Still, she said, people who call themselves Red Raiders will be able to continue to call themselves Red Raiders if the face of the mascot is changed.

"Once a Raider, always a Raider," she said.

John Goegel of Canterbury, a coach at the school, agreed.

"Using Native American mascots was never meant to be offensive" to American Indians, he said, "We might want to change the perception of the Red Raider. I think it's time for a change."

Belmont Selectman Ron Cormier, an alumni of the school, was one of many in the audience speaking in favor or keeping both the image and the Red Raider name.

"Before you consider changing the Red Raider, consider what the Red Raider actually means to all of us who went here," Cormier said, to loud applause.

State Police Trooper Eric Shirley, a father of students in the school and a member of Friends of Belmont Football, said he was opposed to changing the mascot. He said he doesn't see the American Indian image on the school mascot as a negative symbol.

"I see it paying homage to the warrior spirit (of American Indians), not as a bad perception of (an American Indian)," Shirley said.

Speakers were evenly split on the proposed change. The crowd applauded equally for each viewpoint expressed.

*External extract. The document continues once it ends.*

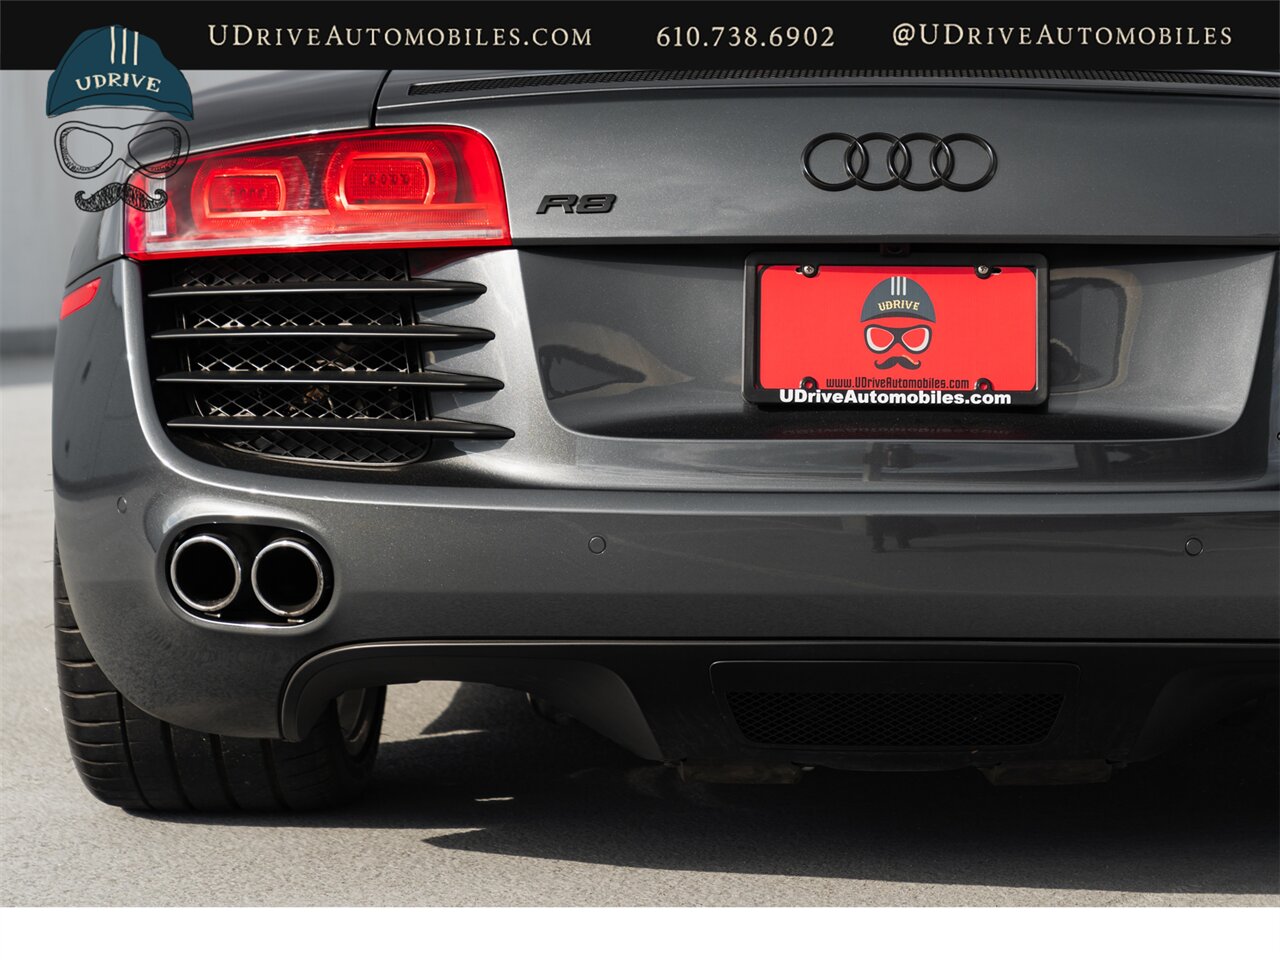 2009 Audi R8 Quattro  4.2 V8 6 Speed Manual 15k Miles - Photo 25 - West Chester, PA 19382

Earlier this week, Superintendent Maria Dreyer said the school debated changing the name about 12 years ago, but instead changed the logo, replacing an American Indian face with "more of a contemporary face, a figure of a face."

Dreyer said the idea of changing it further came from several student council members.

Principal Dan Clary said the Shaker Regional School District school board will have the ultimate say in whether the mascot and logo are changed.

An informal poll at UnionLeader.com had garnered 875 responses Wednesday night.

Eighty-four percent of polltakers were opposed to changing the Red Raiders' name and logo.